Monday, January 26, 2009

DOWNGRADING THE IMPORTANCE

DOWNGRADING THE IMPORTANCE


Downgrading the importance

of who I was yesterday

to see who I might be today

there’s no window

there’s no mirror

there’s no mind

that retains a trace of me.

I am trashed like a kite on a mountaintop,

torn up like the blueprint of a flawed constellation

that might have made things better

for anyone born under it

like a thirteenth house of the zodiac

that’s open all night to the homeless.

Time makes windchimes

out of the skeletons of young poets

and I can still pick out a few of mine

trying to untangle themselves

from the downed powerlines

of their defective voices.

Born on an island

I stood by the sea

and made choices.

I was young

and wanted to live like life

beyond my means.

And this day forty years later

is just as much a part of then

as now is,

so there’s just as much to spend

and though the features have changed

and the stars been rearranged

to marquee different names,

the seeing remains the same

and the wine is just as sweet

in the cracked

as it is in the whole cup.

I sit down with the moon

and we both drink up

at the backdoor of the asylum

neither of us could save

until we’re both hilariously empty,

knowing, the way life flows,

we’ll never run out of ourselves.

But I don’t let the chooser

talk to the chosen

in my voice anymore

and if the odd road

still barges through the door

now and then

to track thresholds all over the floor

like a painted dance for war and rain,

I’ll still shed a few feathers of light

from the black hole of my brain

to commute the cause.

It’s important to heed the blind

but a true noetic cosmology

is the heretic of its own laws

and doesn’t leave anything behind

that could be construed

as a relic, a derelict, or a sign.

No window.

No mirror.

No mind.


PATRICK WHITE














Thursday, January 22, 2009

YOU CAN TEACH THE MIND

YOU CAN TEACH THE MIND


You can teach the mind

but you can’t teach the heart anything

about the way it’s come through everything

like a theme of the ocean through a bloodstream.

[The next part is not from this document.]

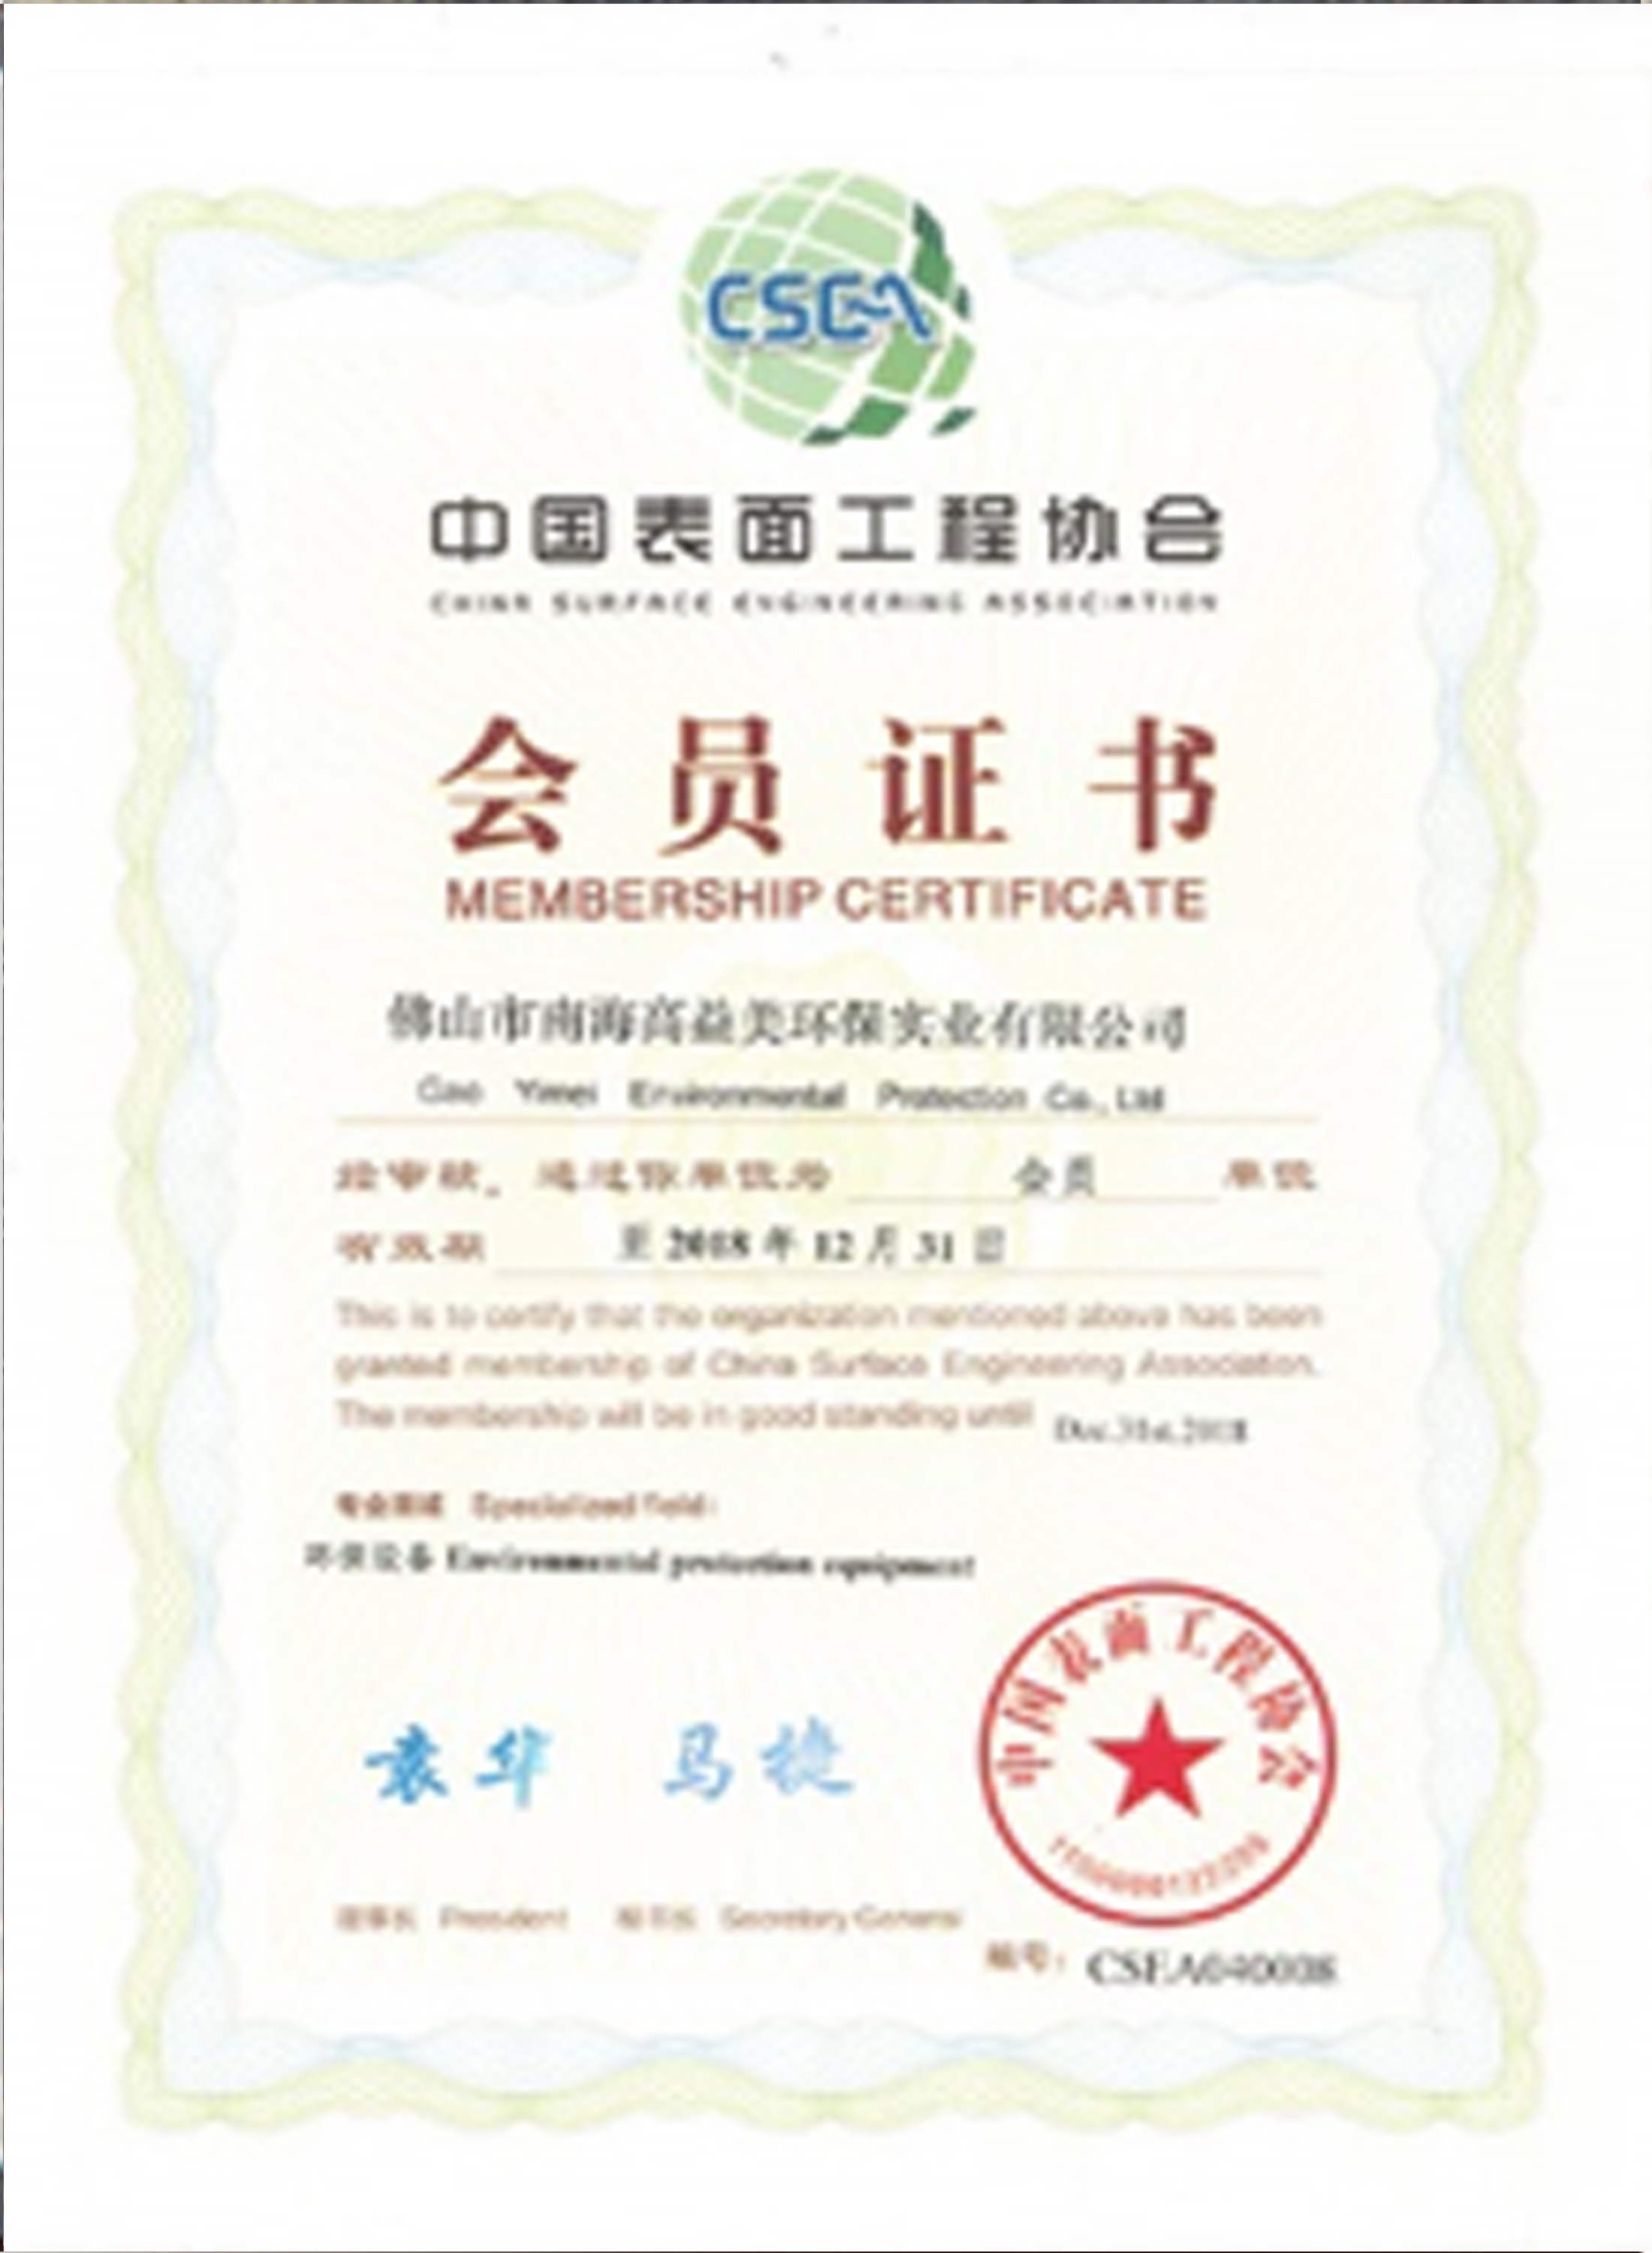 中国表面工程协会会员证书

The crabs clatter like sleepwalking clocks

across moonlit beaches

holding up the crescents of their claws

like lunar castanets

to dance the time away

with their own shadows.

Walking the road

you become the road

and no one gets anywhere

until only the road arrives.

Petty people toy with small destinations

they call themselves.

Be a great river

and follow your own veins and arteries

down the mountain

through the plains and valleys below

to the vastness of the sea that conceived you.

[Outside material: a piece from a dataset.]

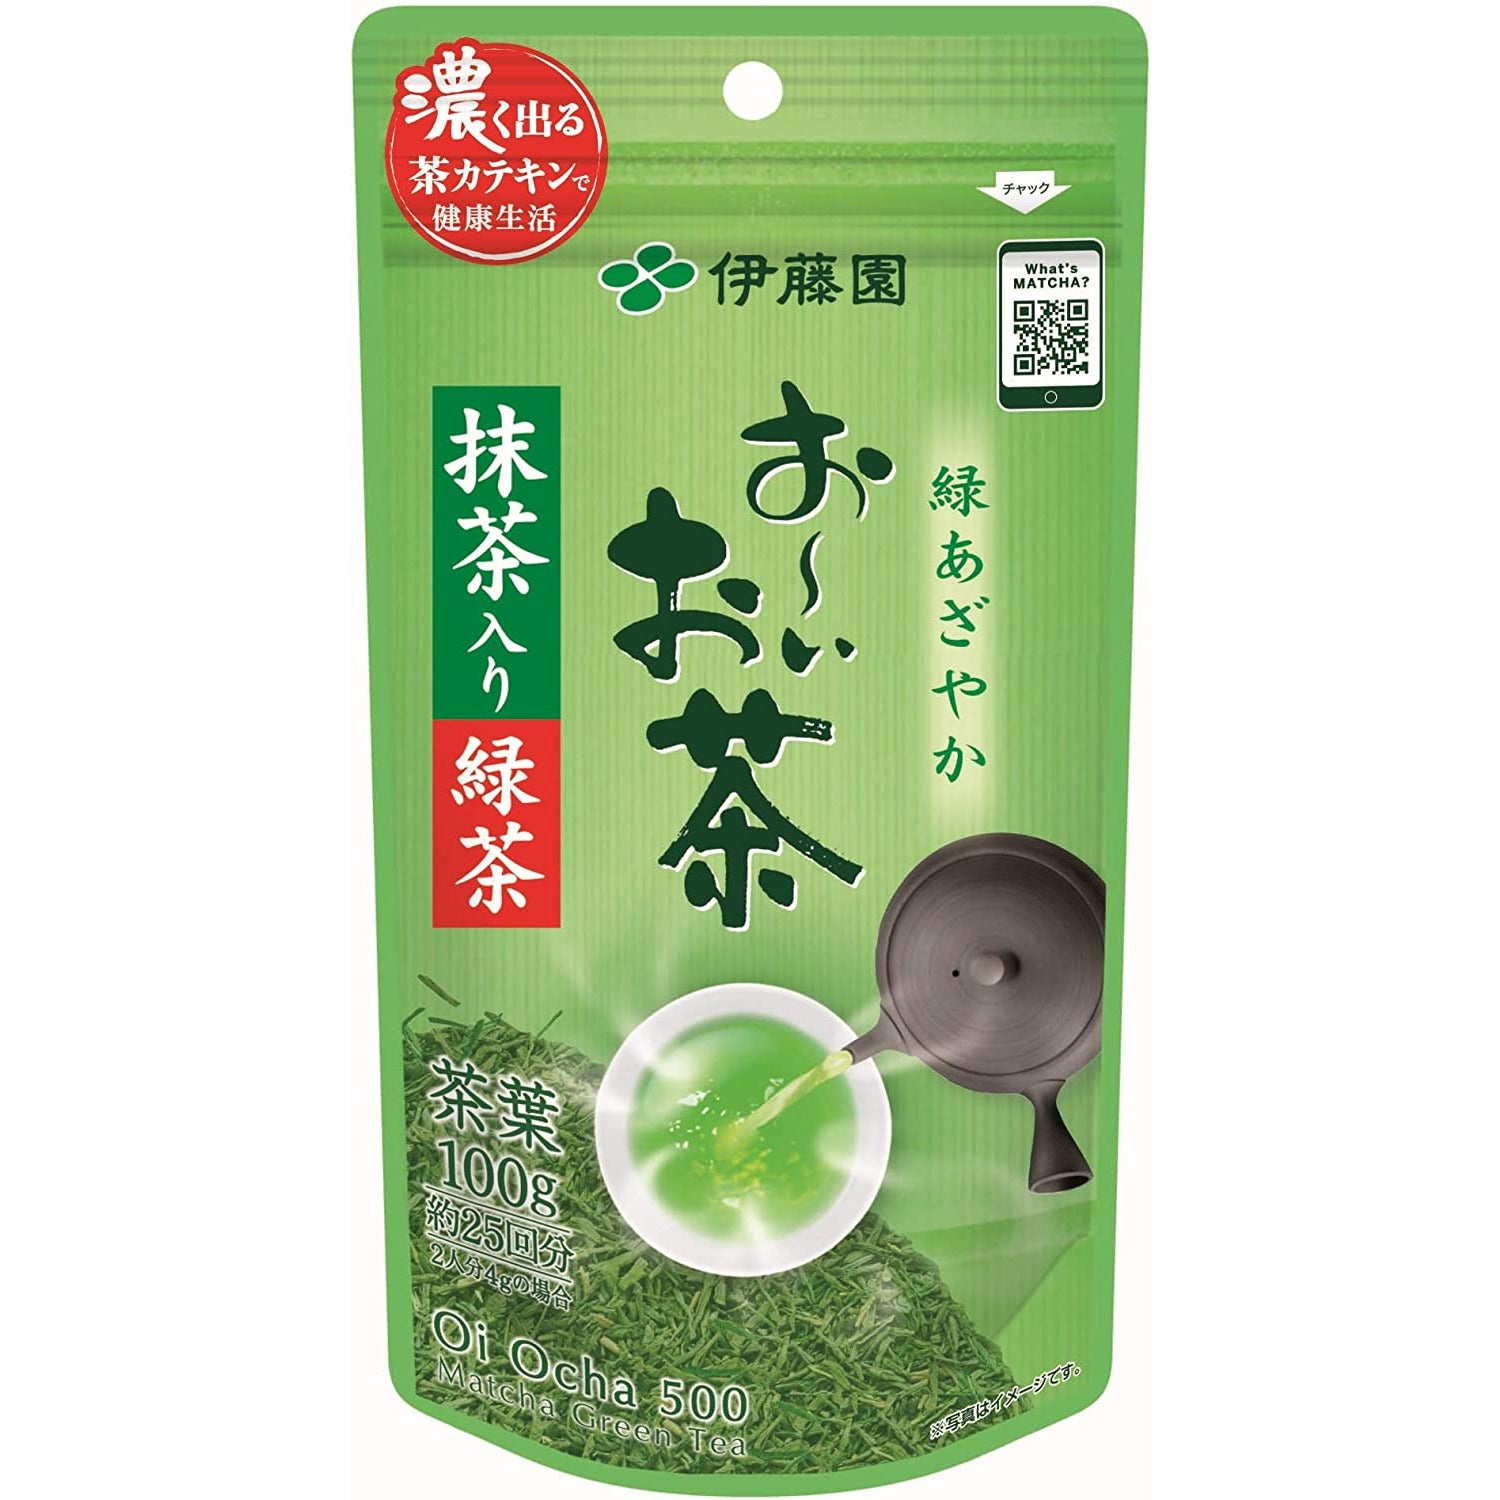 Itoen Oi Ocha Green Tea with Matcha Sencha 100g

And when the sea reflects the stars

don’t look for your place in the waters

as if you were reading a starmap

when every drop of you

is distilled from a vine of the light.

When you turn the light around

and pour the mooncup of your existence

back into the river it scooped you from

to ease a stranger’s thirst for stars,

and everything seems empty and forsaken,

and the dream is quaking in the turbo-charged air,

suddenly you disappear

and the sea is everywhere

effaced by its own longing to share.

If you hate the world,

it will go to war with you.

If you love it inordinately

it will ignore you.

Better to be the fire

and not be burnt by your own flame;

better to be the sword

that kills you into life

and not be cut by either edge.

And if you’re a bell

so stuffed with choirs

you can’t sing,

or a liar pimping constellations like bling

in the blaze of your own thing,

you should know

there is no hell for you,

no truth that’s going to sting

that hasn’t already been bored to death

by your significance.

There is no inclusion

no exclusion in clarity.

If you examine closely

the coinciding of thought events

that you misrepresent as your mind,

the whole of the sea is in every wave

and the water isn’t startled

when the fish jumps.

Walking by that sea

everything the world

ever stole from you

is returned by grateful thieves.


PATRICK WHITE














WOKE UP THIS MORNING

WOKE UP THIS MORNING


Woke up this morning

and a whole side of myself

slid like half an island into the sea

to create a tidal wave of emotion

that’s come crashing down over me

as if I were the coastal city

of the continent in its path.

And it’s not unusual for me

to live in the aftermath of myself

like some thermophilic bacterium

after the comets destroy

all my higher life-forms

and slowly complicate myself

back into a new species.

I know how to feather a lizard

into a songbird

and divide the world in two

so there’s a me and there’s a you

a this and a that,

two eyes of the blind,

to be concious of a mind

that sets me apart from everything.

And there are days

I can melt diamonds in my mouth

like spring

but lately

it’s getting harder

to keep faith with what I sing,

harder to taste the gold

in the darkness of the ore

I keep refining like my life

until all I will leave on the table

is a loveletter and a knife

for the next tenant.

Every day’s a new start

if you don’t approach it

with yesterday’s heart.


PATRICK WHITE









Sunday, January 18, 2009

SCATTERING

SCATTERING


Scattering black sunflower seed

like the eyes of words

out over the snow

for the squirrels.

Birds watching

high above the page

for an entrance on stage.

Food and empathic renewal,

fuel and the ferocity of life

a softer knife than the ice

because of my sweeping generosity.

I like to thaw things,

turn the brittle supple,

swords into the blades

of the wild irises

that burn like hydrogen

beside the stream,

snowmen that flow

out of themselves

like candles

until all that’s left

are the stones they relied on for eyes.

Stones have their clarities

but seeing

is a very subtle kind of water

that knows reality is not solid

and the light of a single firefly

is hot enough

to melt the planet.

And then like early spring in Perth

when the snow goes

it’s November all over again.

I see everyone alone with themselves,

sad intimates of the shadows

that forsake them like evolution

the moment they cry out

like leaves on the stream to endure.

Maybe it’s one medium to the next

as we’re transformed

by ever more rarefied spaces

that denude us like light from our ions

into luminous bodies with auroral faces

that open like one-night enlightened lilies in the starmud,

or maybe it’s just the death-leap

of the next apple into the bottomless abyss

of a darkness deeper than death is aware of itself.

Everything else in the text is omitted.